* WHAT YOU WILL DO *
Reproduce the data below in full and exclude every picture.

* GIVEN INFORMATION *
—————

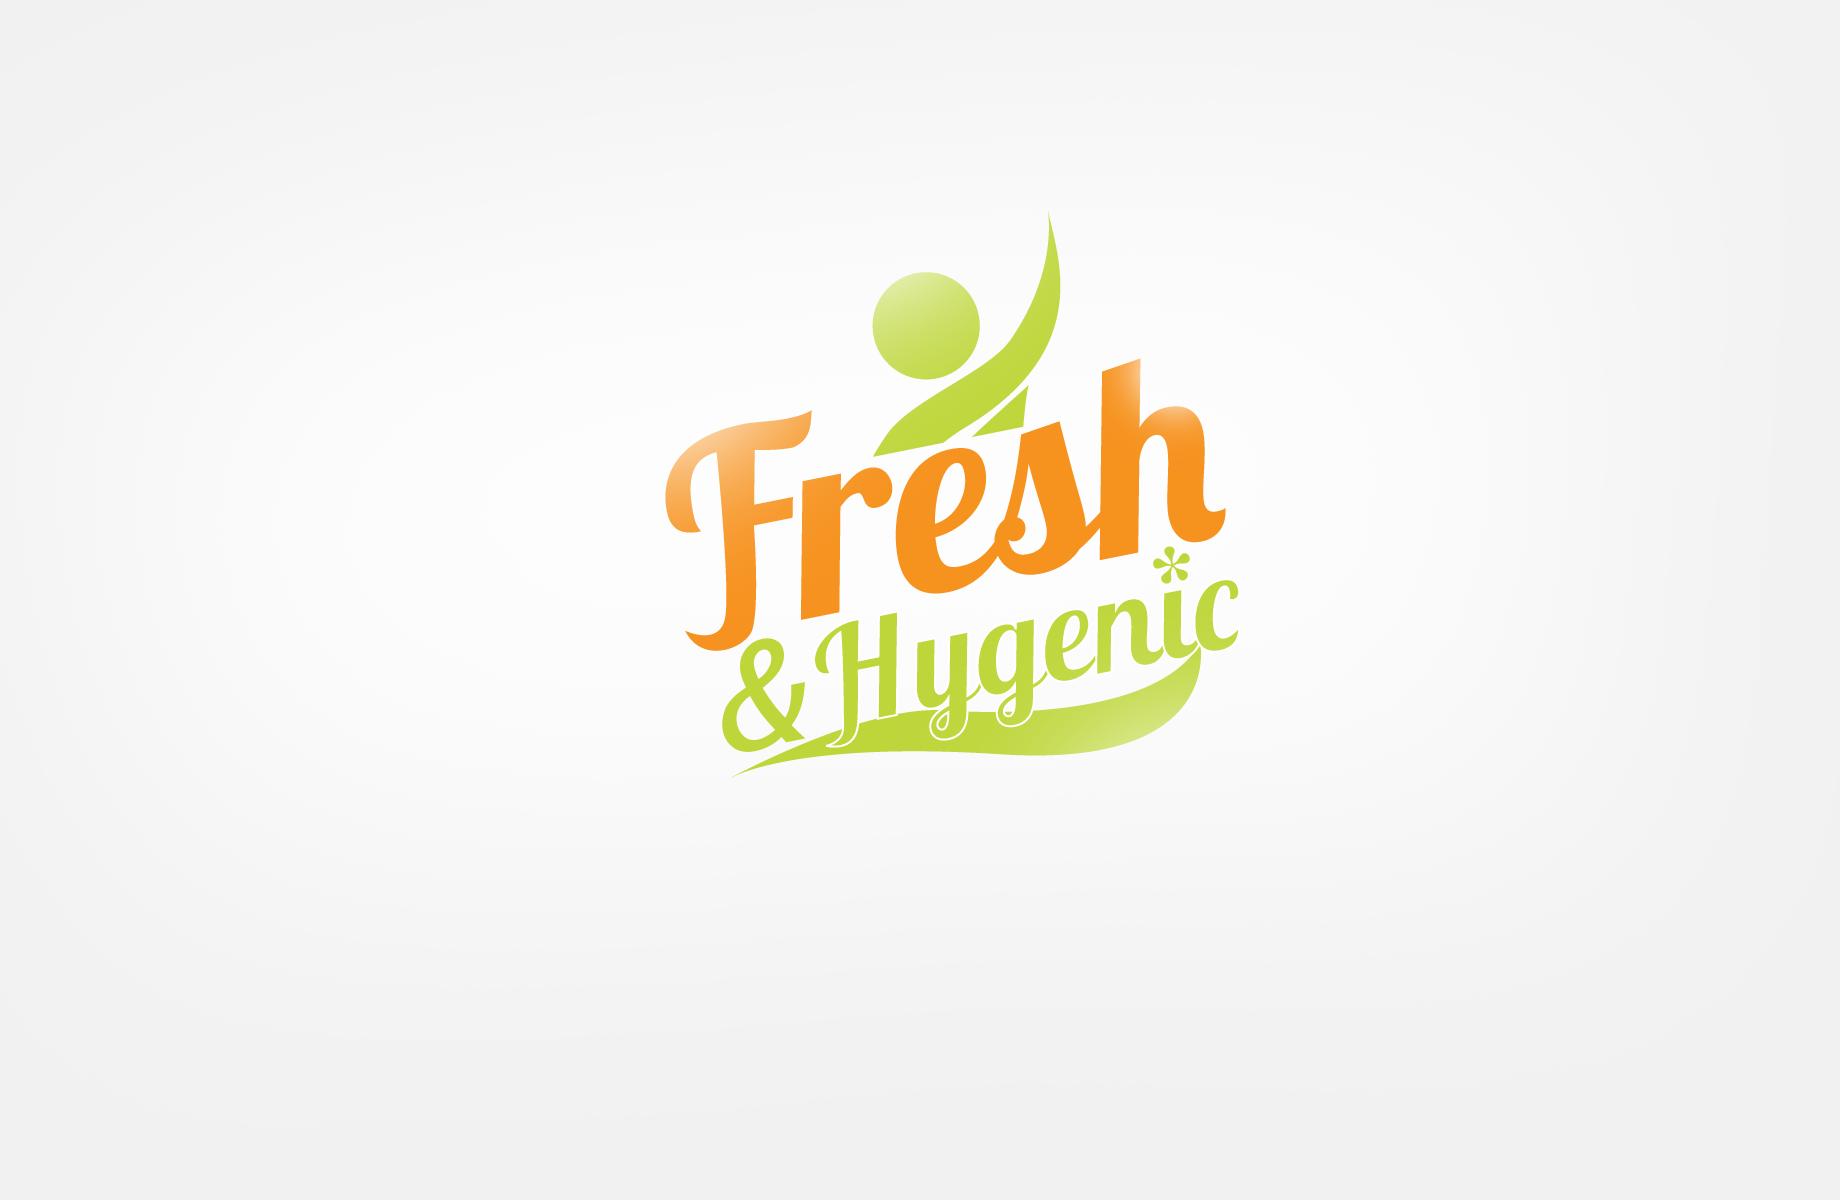 Logo Design by Jan Chua - Entry No. 71 in the Logo Design Contest Fun Logo Design for Fresh & Hygenic.
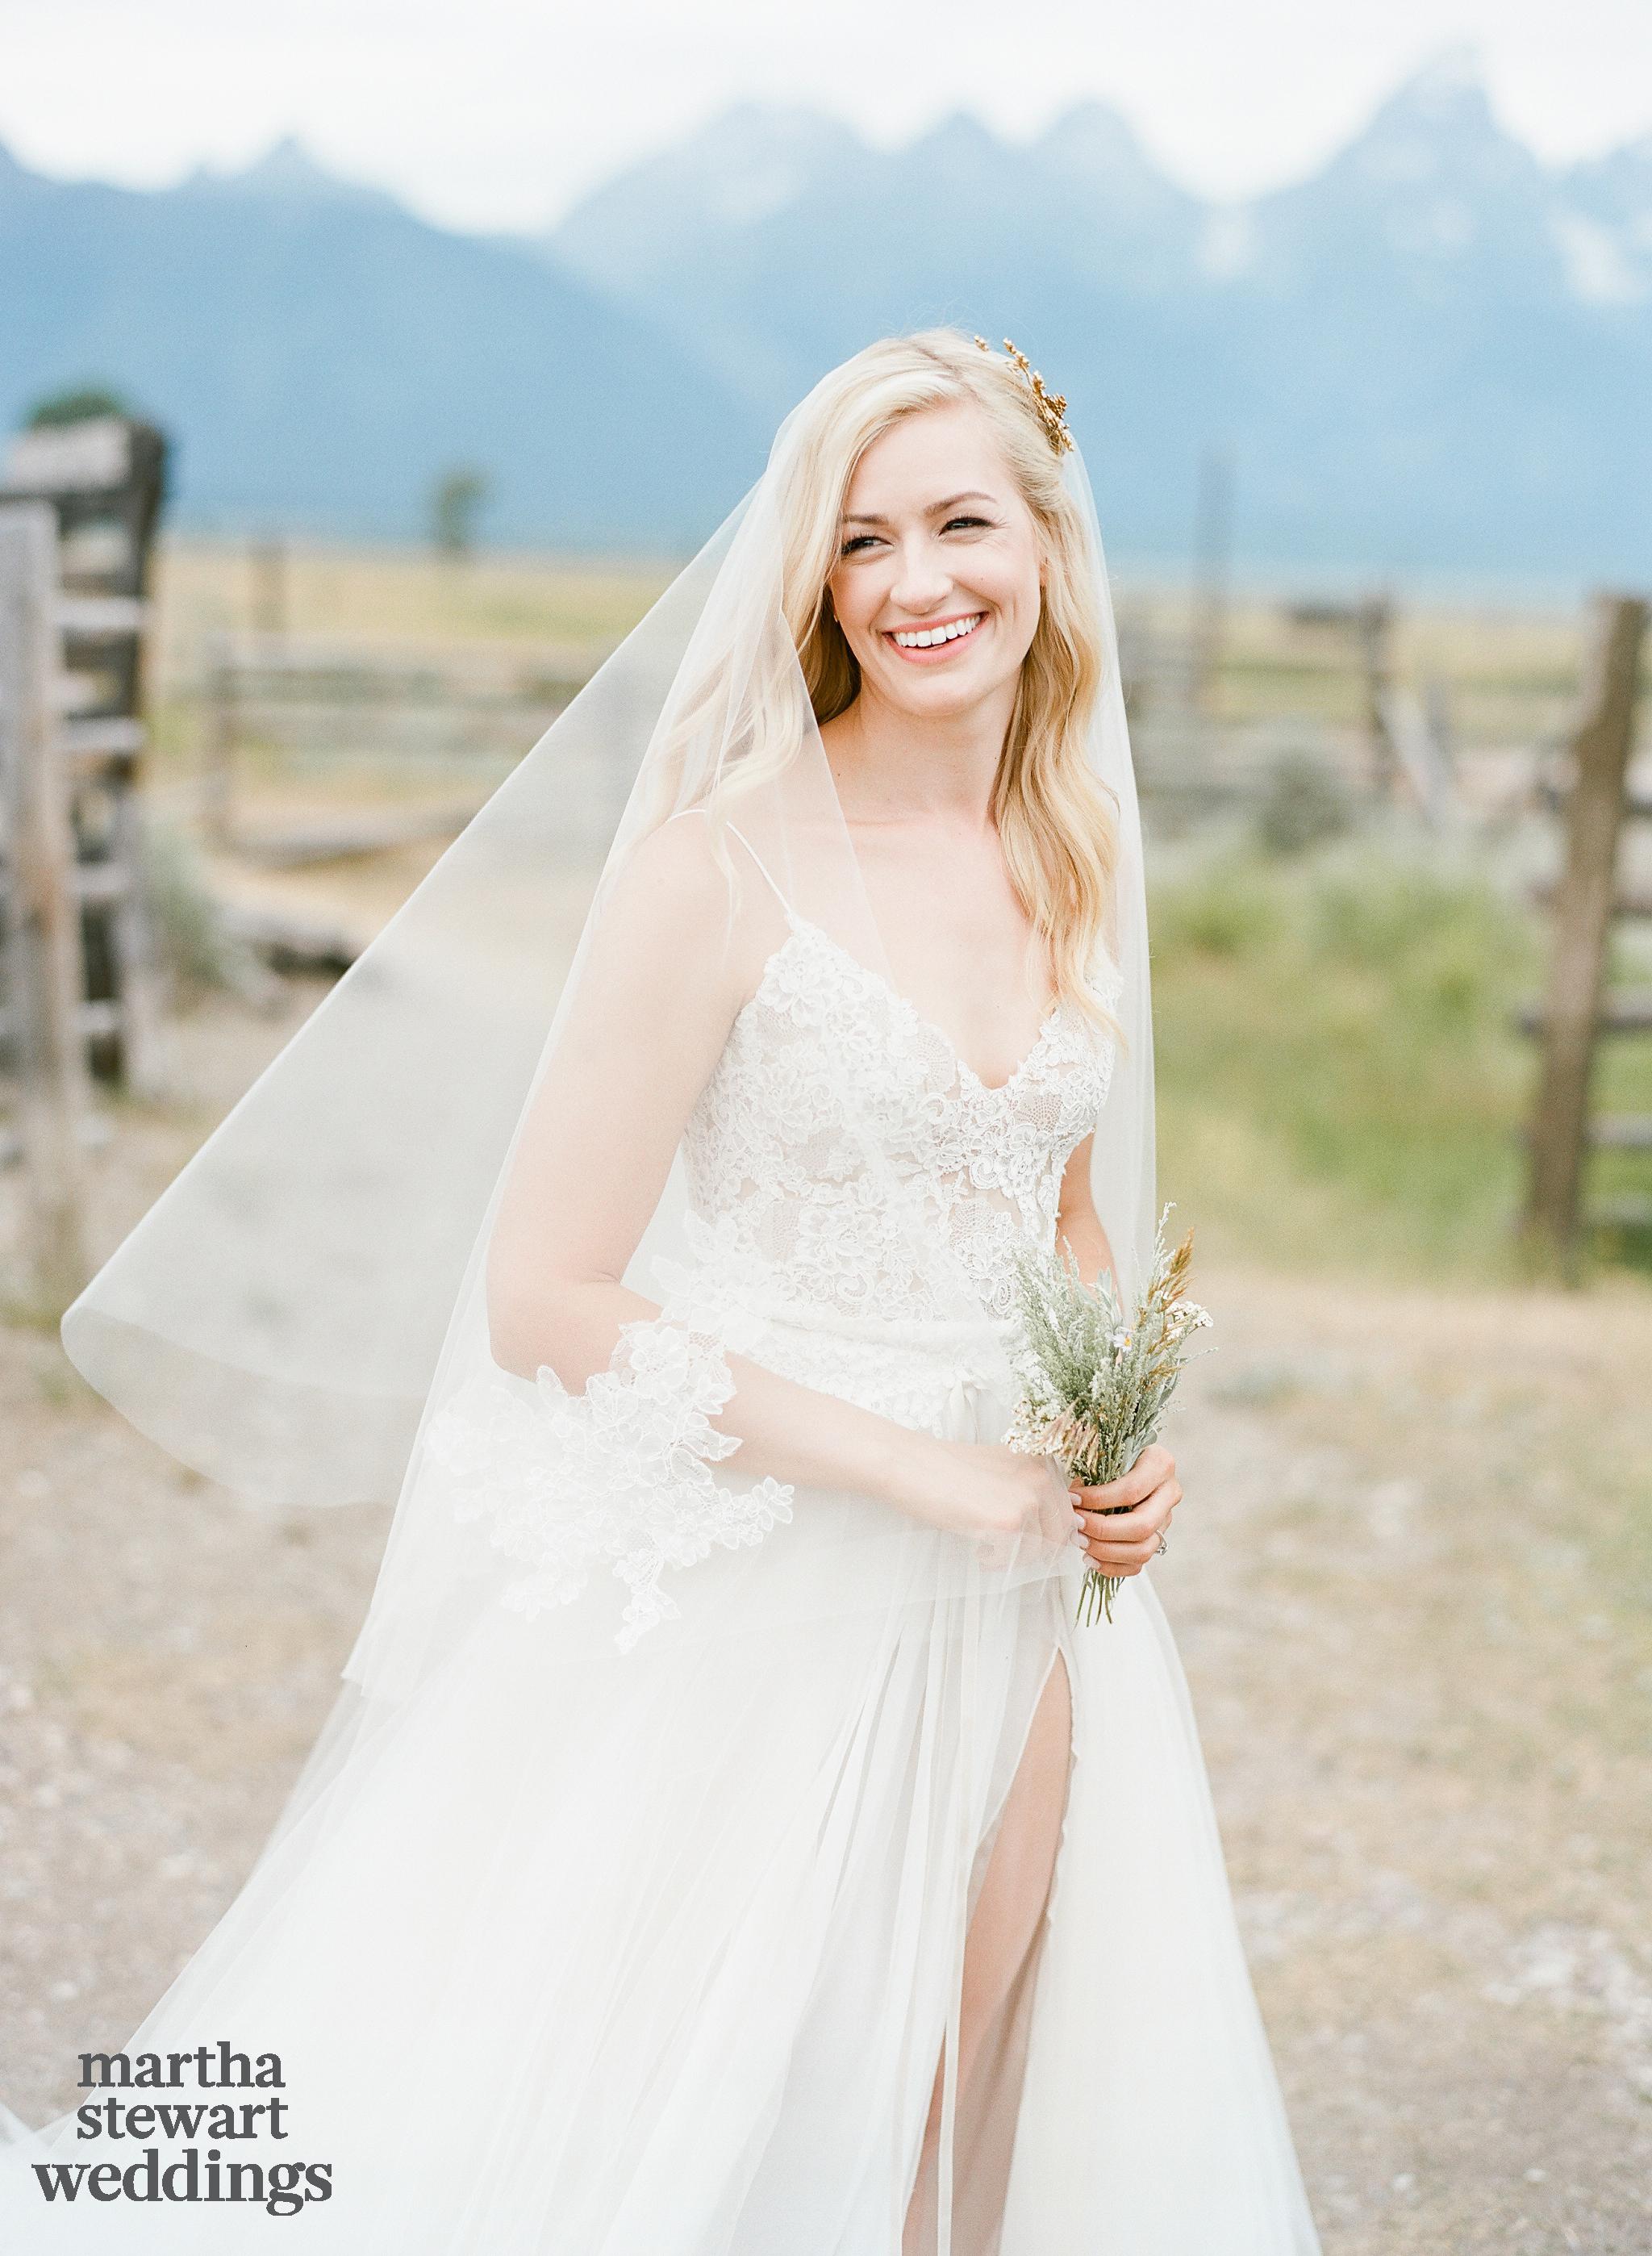 beth behrs michael gladis wedding bride bouquet sylvie gil
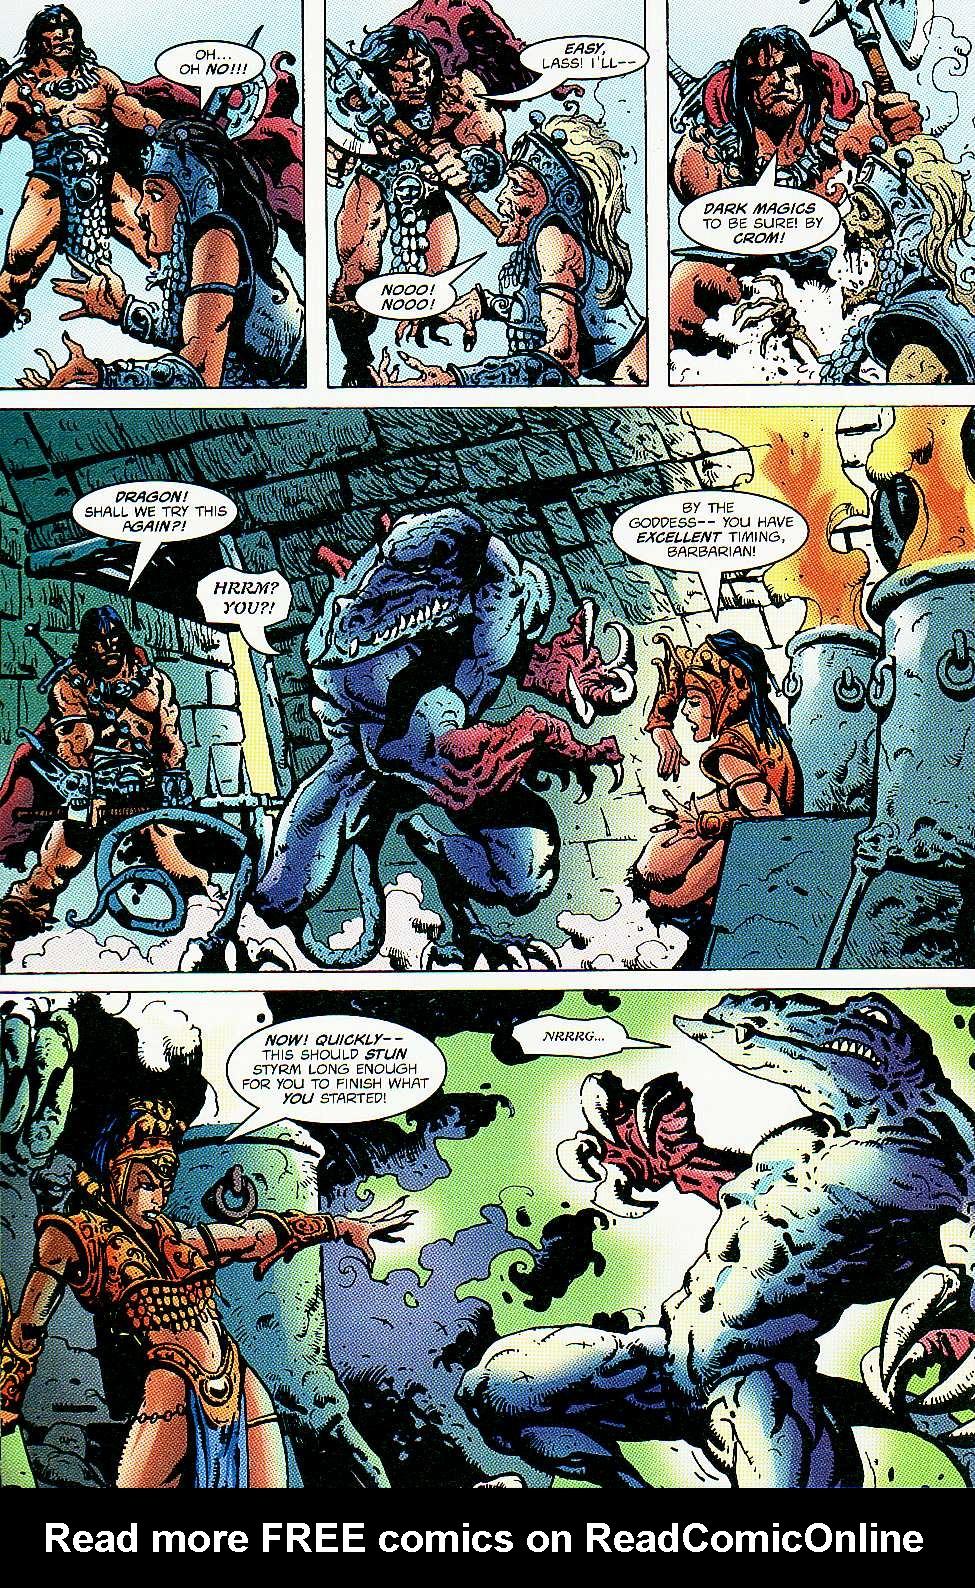 Read online Conan: Return of Styrm comic -  Issue #3 - 21

—————

* RESULT OF THE EXERCISE *
 Logo Design by Jan Chua - Entry No. 71 in the Logo Design Contest Fun Logo Design for Fresh & Hygenic.
 beth behrs michael gladis wedding bride bouquet sylvie gil
 Read online Conan: Return of Styrm comic -  Issue #3 - 21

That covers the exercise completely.